Part 3 – Identify the Top Direct Superspreaders
A“direct superspreader”is a person who directly infects many others. In this part, you will design and
implement a function to identify the top direct superspreader(s): the person(s) that directly infected
the most other persons.
Notes:
• there may be one top direct superspreader, or more than one in case of a tie
• the data file lists direct infections. We will look at indirect infections in Part 5.
TO DO:
Write a function find_top_direct_superspreader:
• its only argument is a dictionary with format {id : Infected_person-object,
…}
o this is the output of function parse_contacts in Part 2
• it returns a list of person id’s corresponding to top direct superspreader(s), [id1, id2,
…]. Again, remember that there may only be one, or more than one in the case of a tie. The
order in which the id’s are stored in the list is not important. The list should not contain
duplicates.
o If the input is an empty dictionary, find_top_direct_superspreader should return
an empty list.
o You can assume that find_top_direct_superspreader will be called with a
dictionary as its only argument. You can also assume that the dictionary, if not empty , will
have the format {id : Infected_person-object, …}.
page 9 of 11
Part 4 – Find Superspreading Dates
We define a superspreading date as the date in which the most persons were infected. Ties are
possible and so there may be multiple direct superspreading dates.
TO DO:
Write a function find_superspreading_date:
• its only argument is a dictionary with format {id : Infected_person-object,
…}
o this is the output of function parse_contacts in Part 2
• it returns a tuple of the form ([date1,…], max-infected) where:
o [date1,…] is a list of strings representing the dates that had the maximum
number of infections. The order in which the dates are stored in the list is not
important. The list should not contain duplicates.
o max_infected is the maximum number of direct infections on any of those dates.
For example, if max_infected is 10, each of the dates in the list [date1,…]
had 10 direct infections.
o If the input dictionary is empty, find_superspreading_date should return the
tuple ([], 0)
o You can assume that find_superspreading_date will be called with a
dictionary as its only argument. You can also assume that the dictionary, if not empty,
will have the format {id : Infected_person-object, …}.

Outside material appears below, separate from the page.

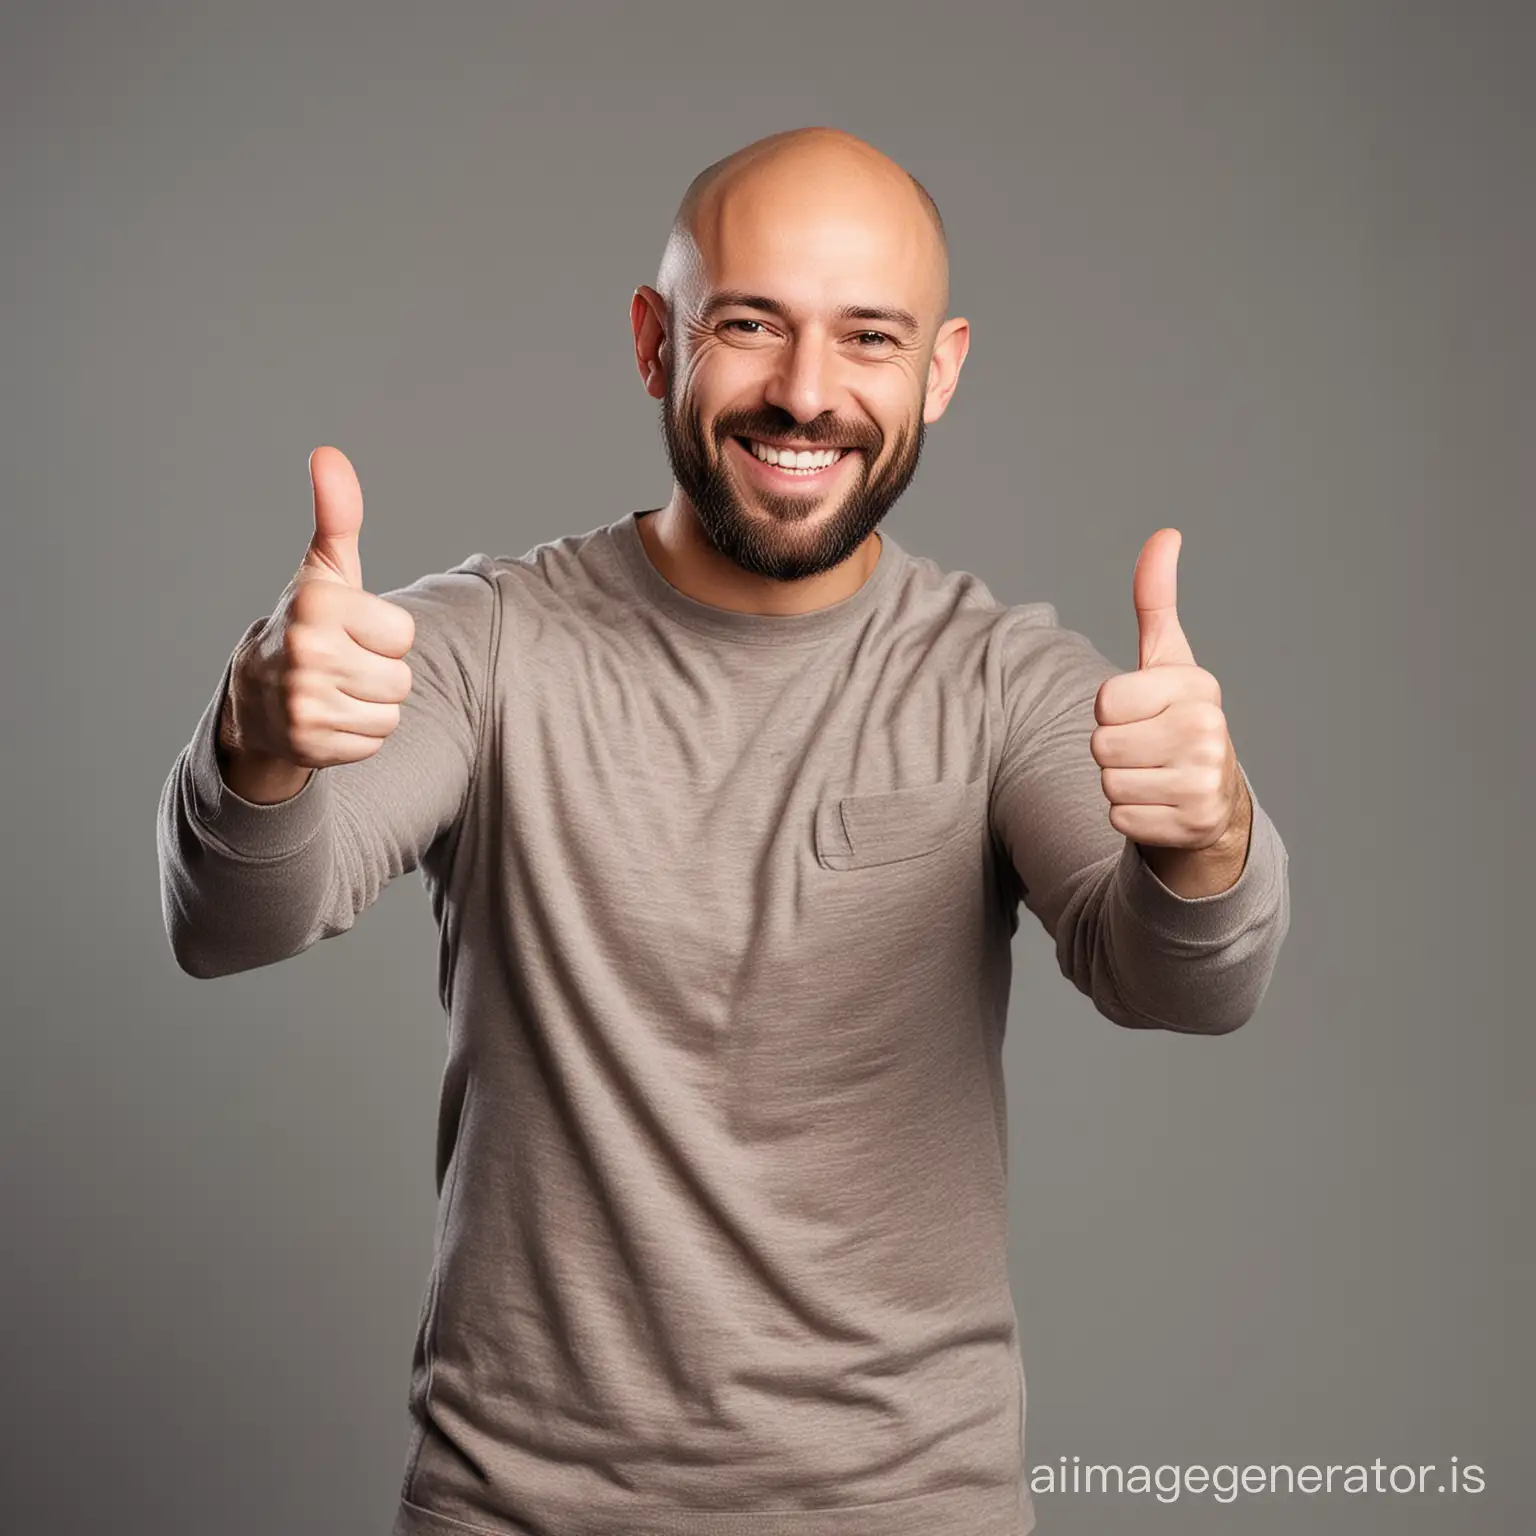 Bald man with short beard with thumbs up smiling
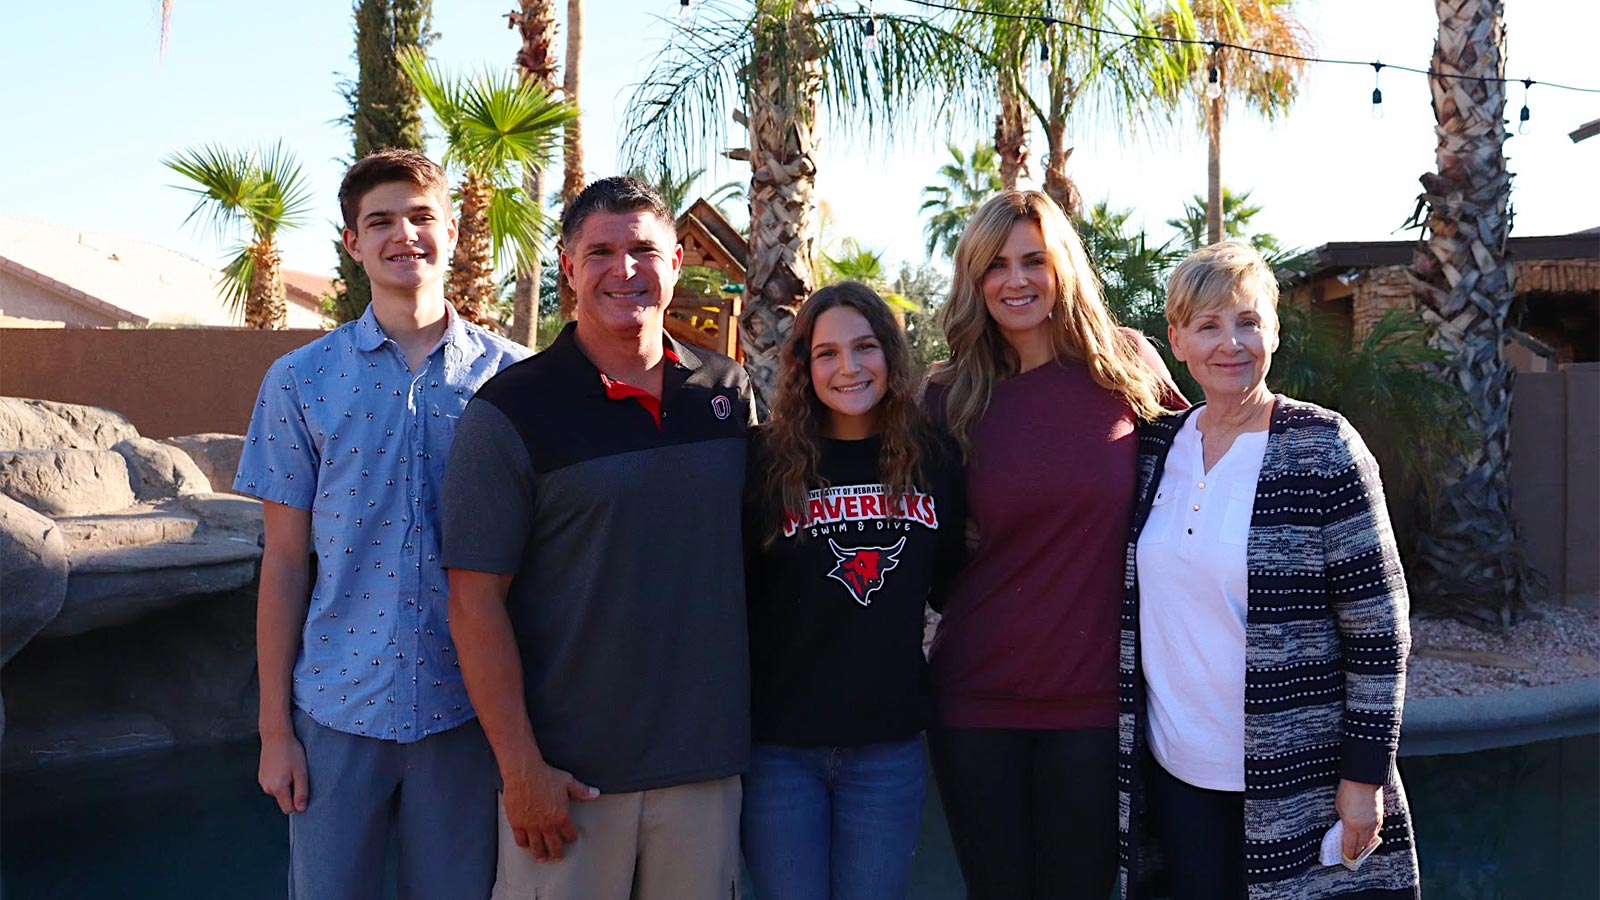 A picture of the Khalil family celebrating Sadie's commitment to become a Division 1 Student Athlete (swimming).

Part 5 – Identify the Top (Direct + Indirect) Superspreaders
In Part 3 we looked at direct infections: when one person infects one or more others. Indirect
infections are the ones that follow from a direct infection. For example, if person A infects person B
and person B infects persons C and D, A is said to have indirectly infected C and D. If C and D do not
infect anyone else, A is said to have (directly + indirectly) infected three persons: B, C, and D.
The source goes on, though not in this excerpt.